*Data below*:

---

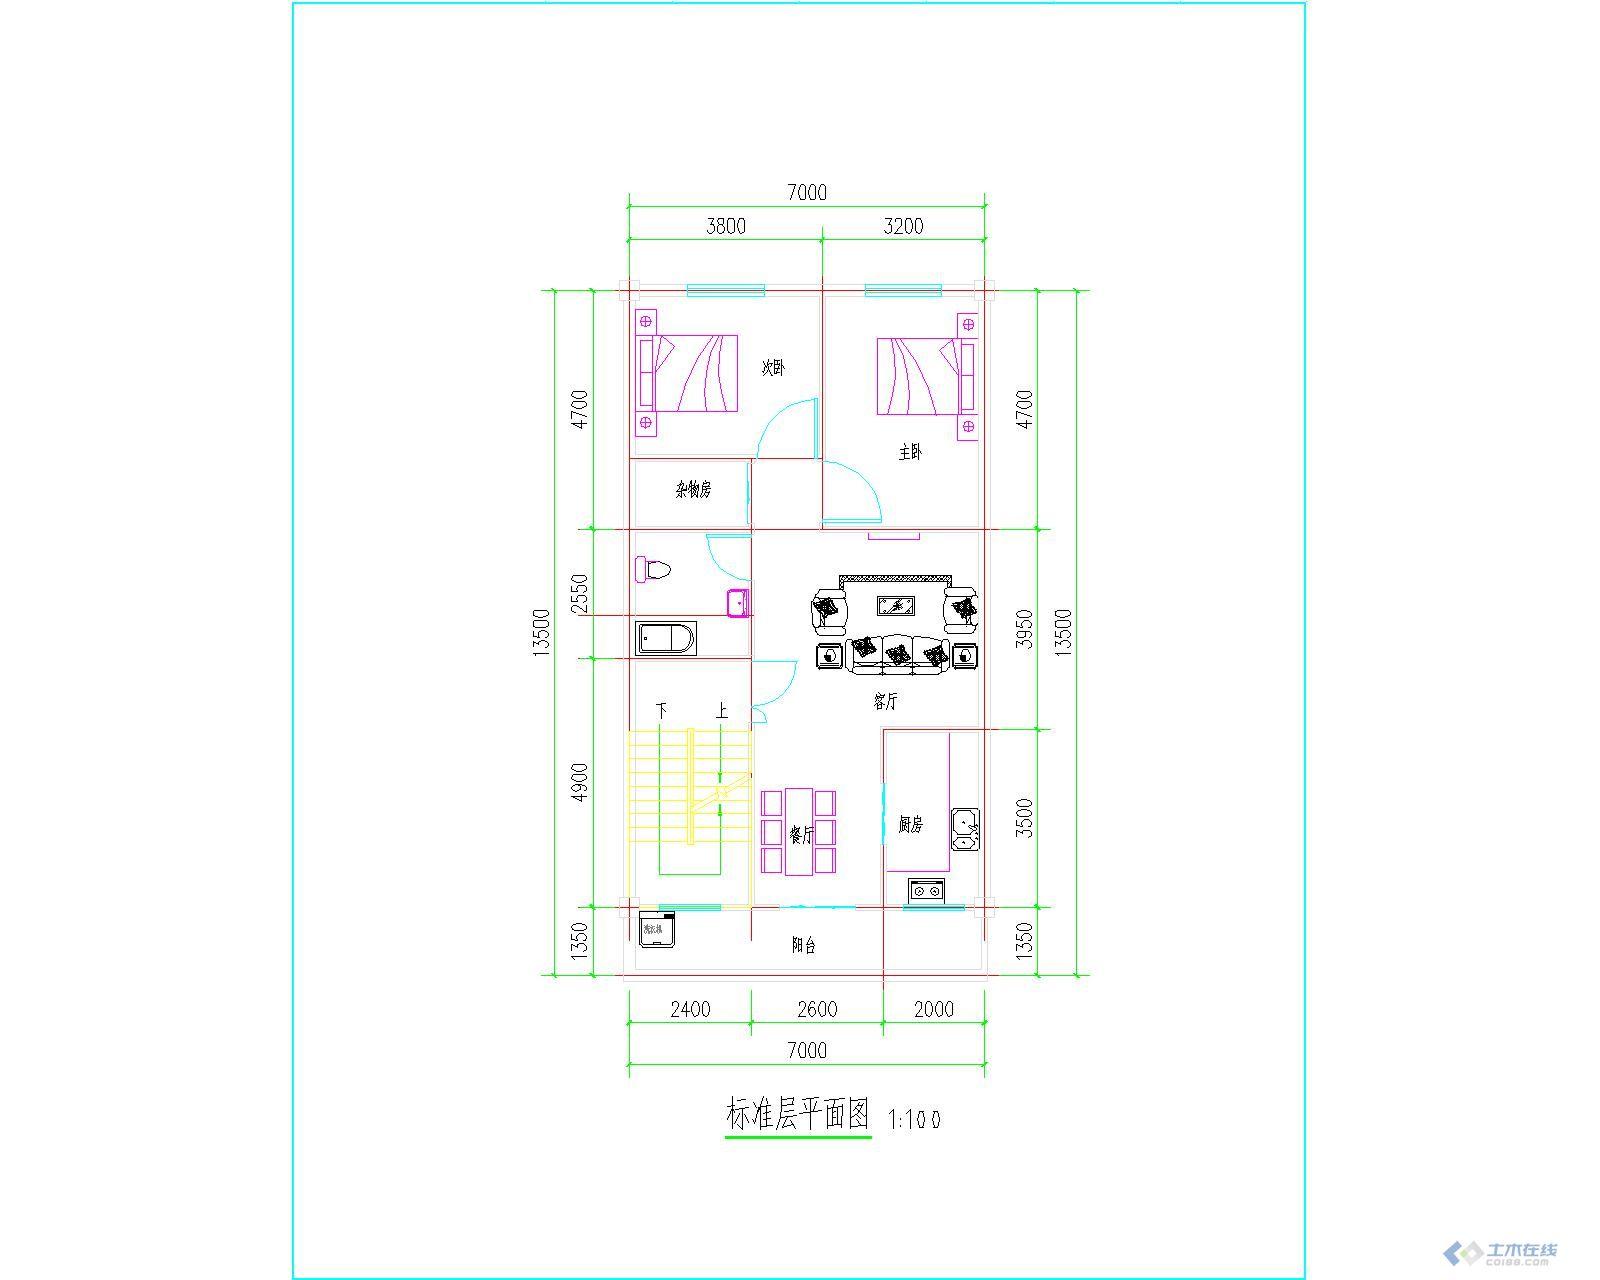 建筑设计 建筑资料 宽6.9米长12米农村建房图纸朋友们给点意见
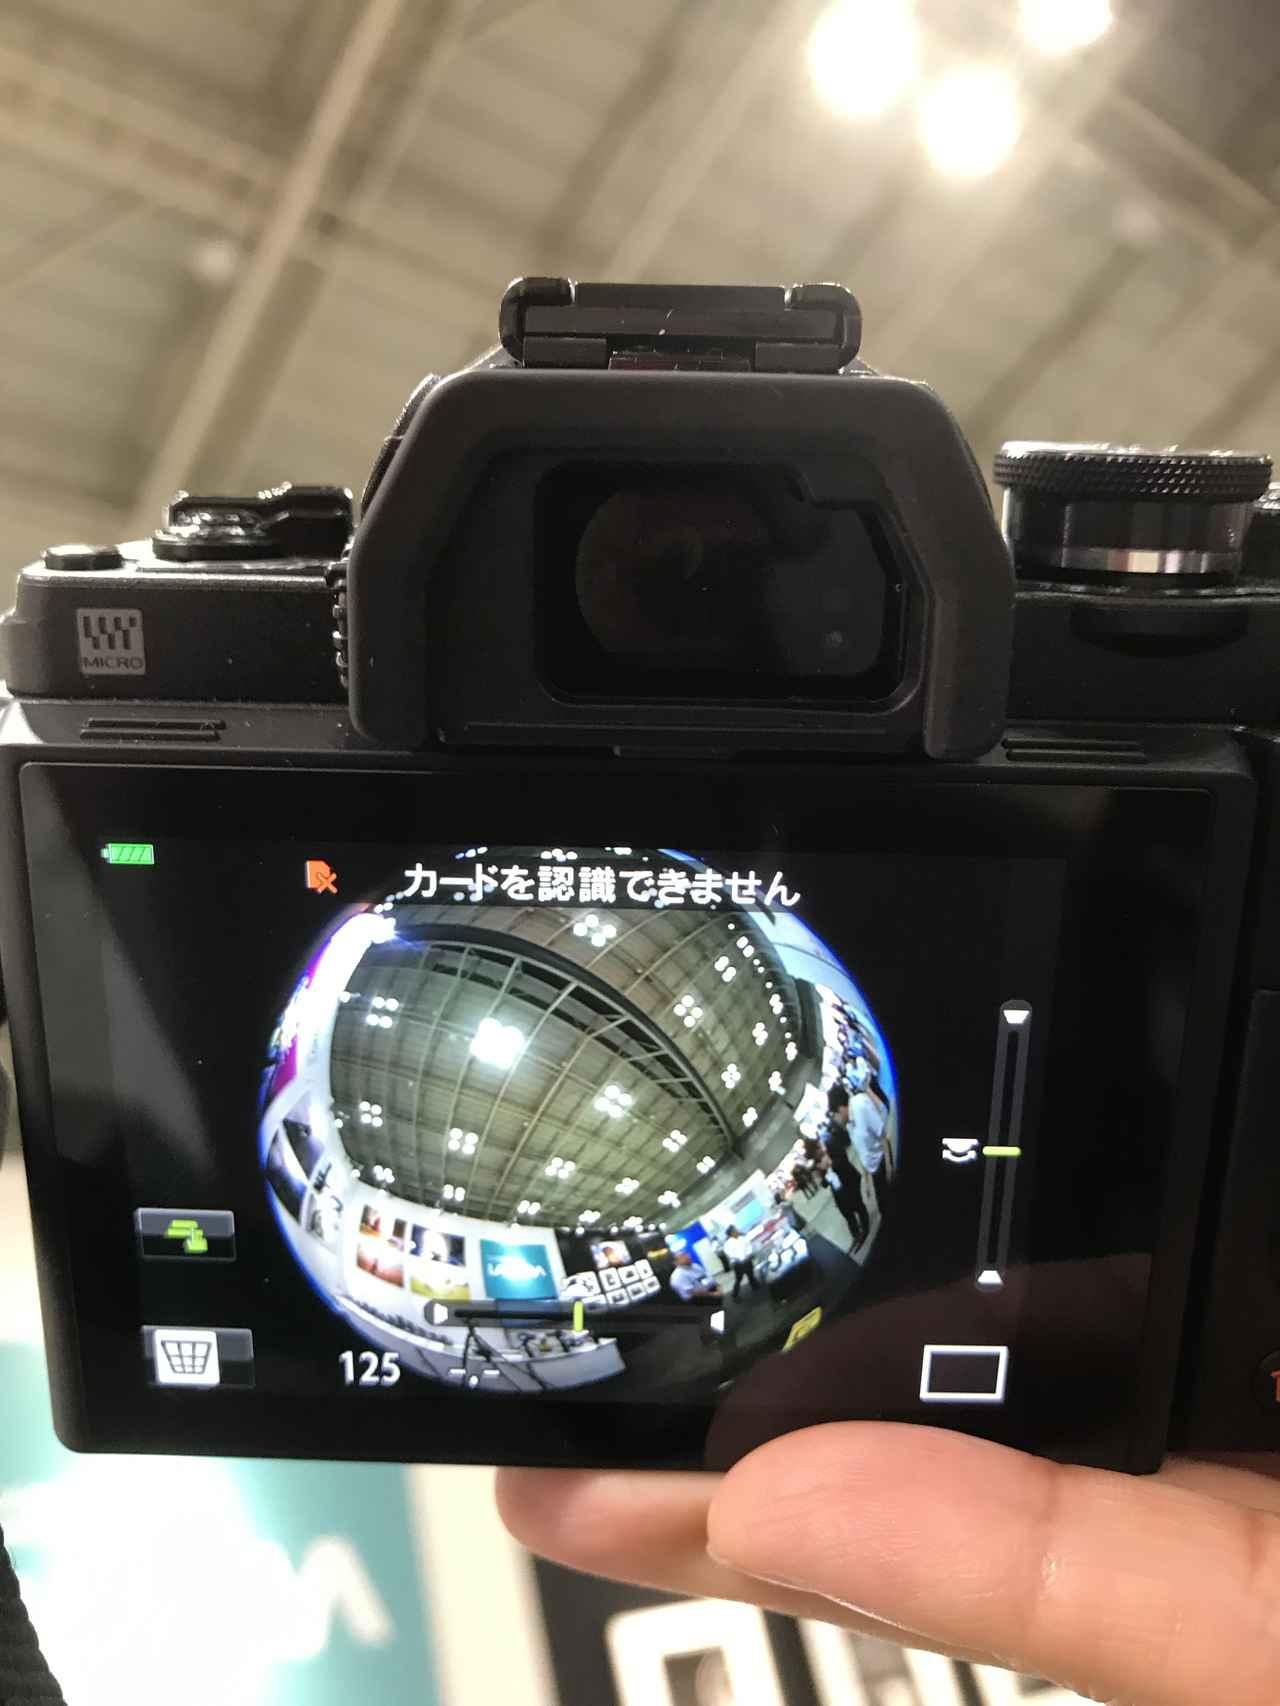 画像: 全周魚眼で画角がものすごく広い。そのため、カメラのグリップを握る指が写ってしまいがちなので注意!VR(バーチャルリアリティー)用に使いたい人もいたとか。
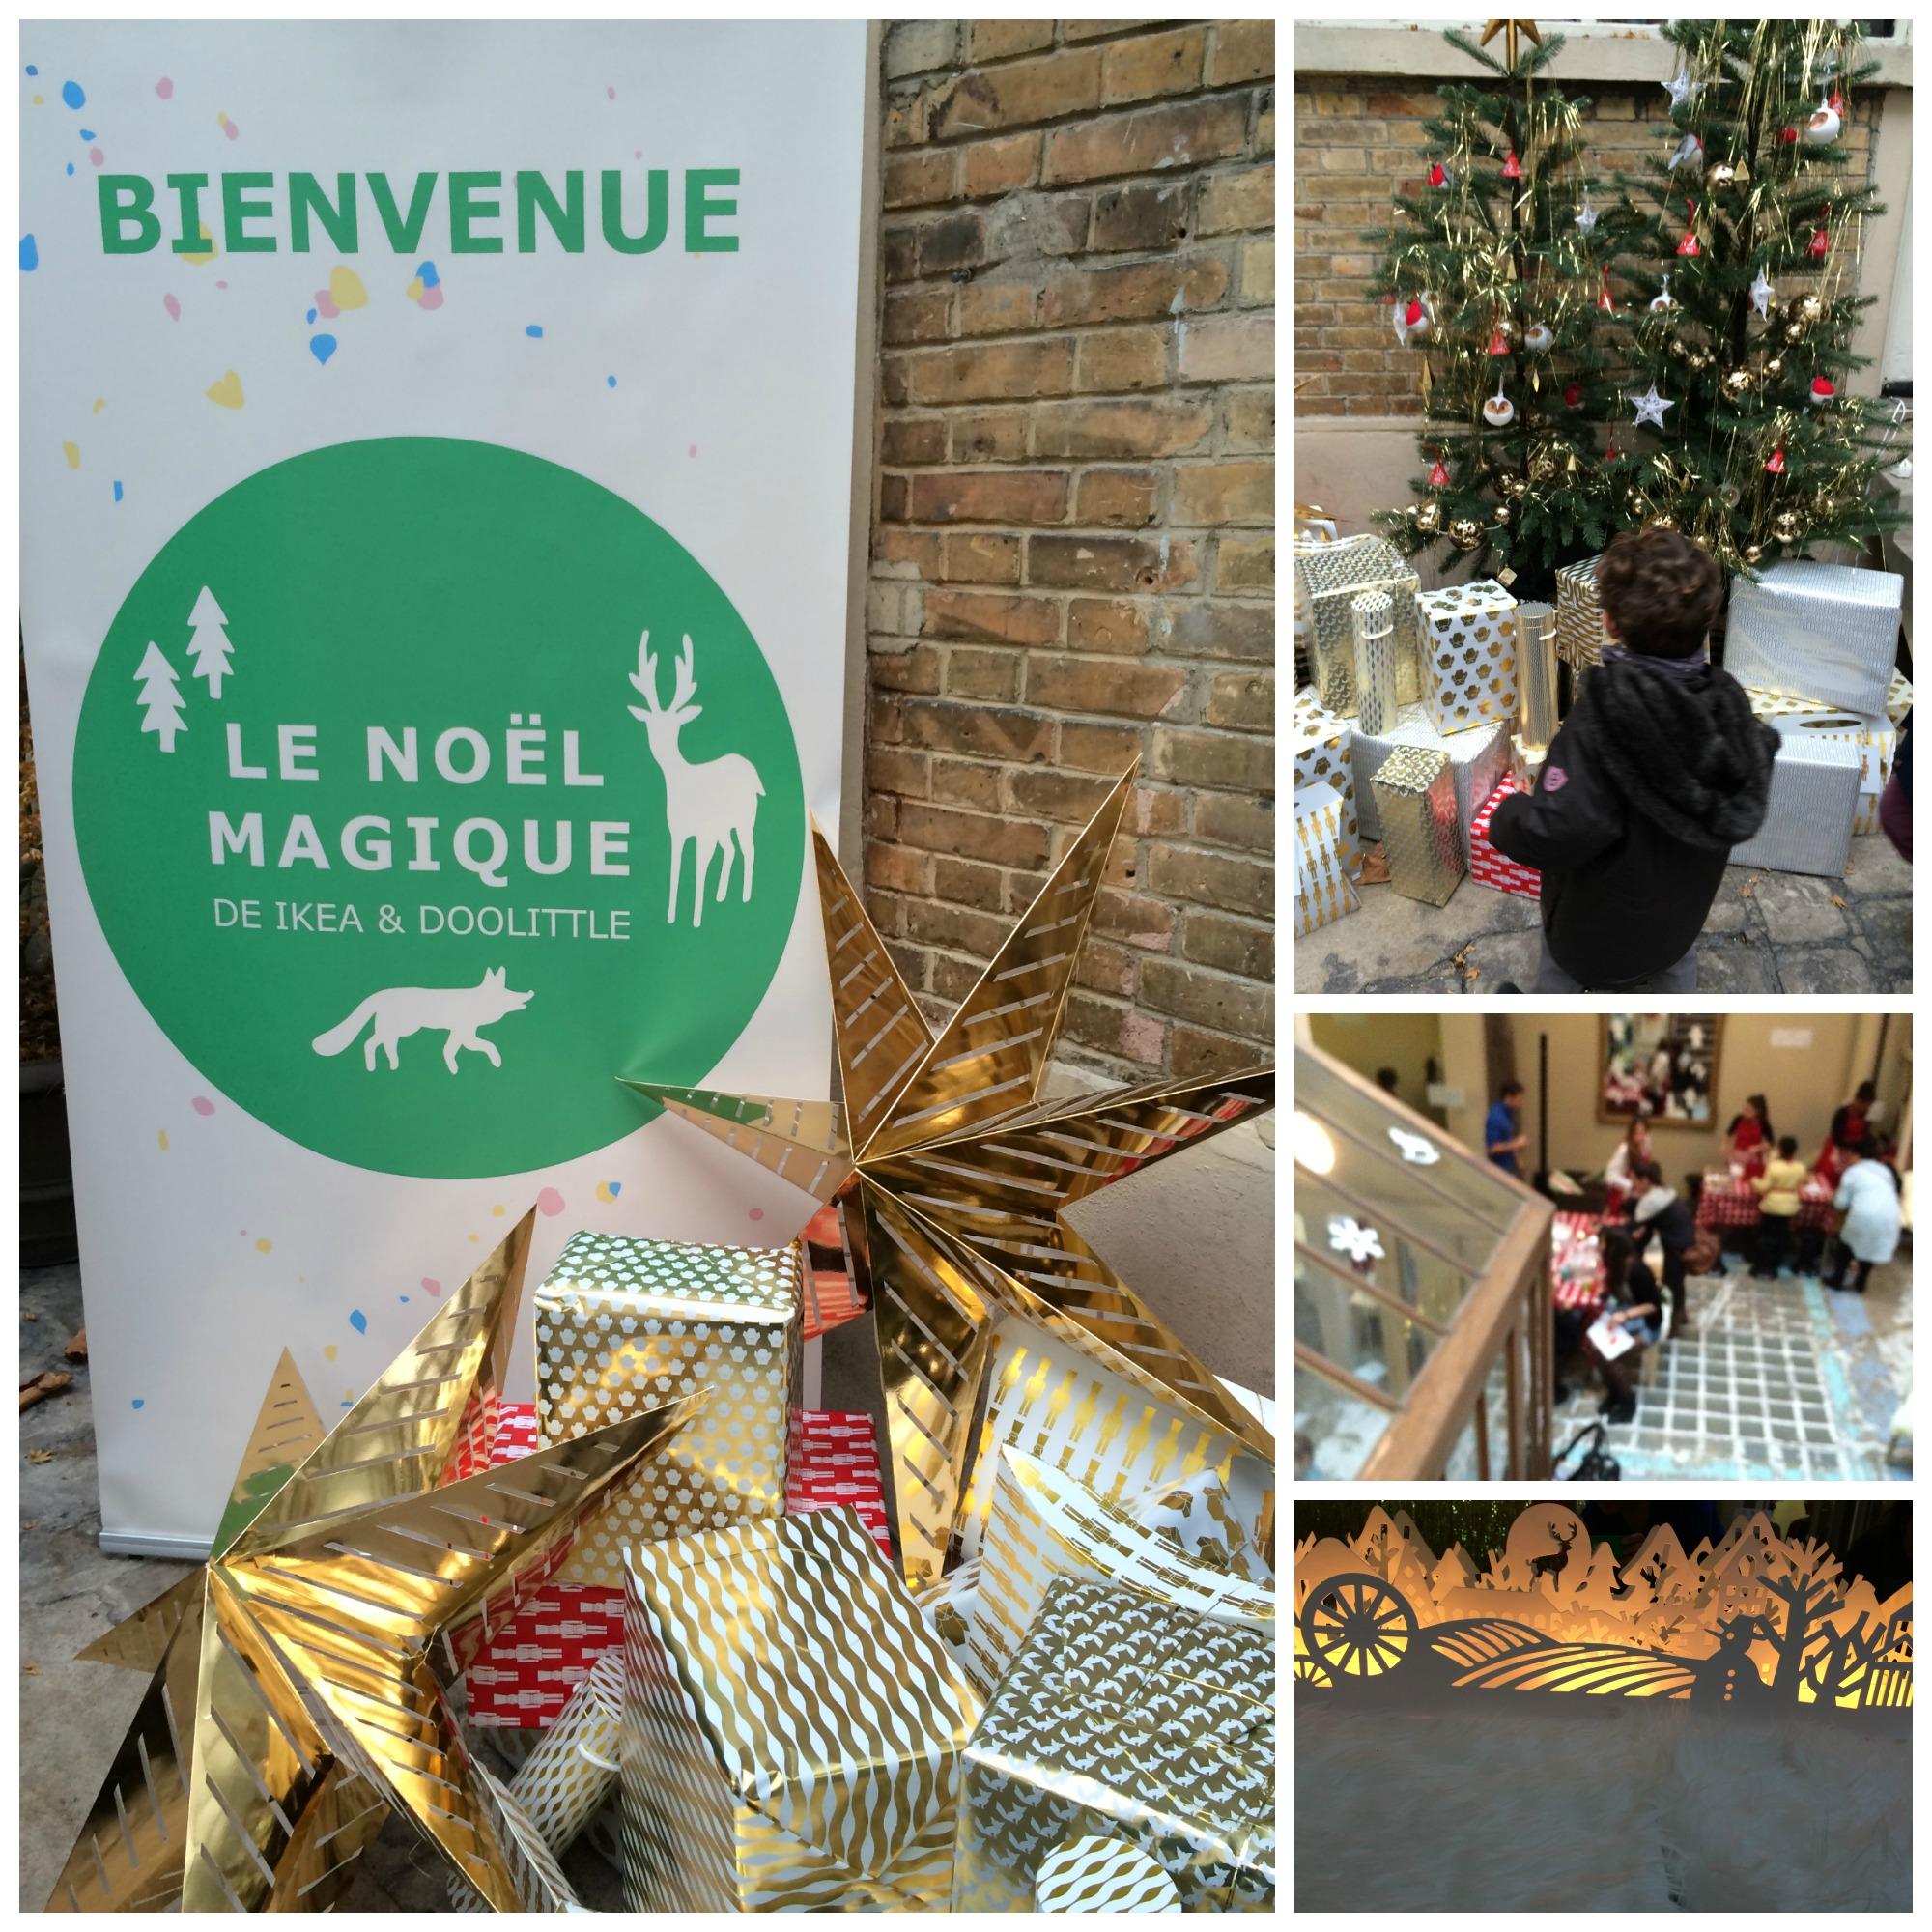 #9C682F IKEA La Déco De Noël Avec Les Enfants Expressions D'Enfants 5449 decorations de noel ikea 2000x2000 px @ aertt.com

---

*Activity*: Return the material word for word, images omitted.

*Answer section*:
 建筑设计 建筑资料 宽6.9米长12米农村建房图纸朋友们给点意见
 画像: 全周魚眼で画角がものすごく広い。そのため、カメラのグリップを握る指が写ってしまいがちなので注意!VR(バーチャルリアリティー)用に使いたい人もいたとか。
 #9C682F IKEA La Déco De Noël Avec Les Enfants Expressions D'Enfants 5449 decorations de noel ikea 2000x2000 px @ aertt.com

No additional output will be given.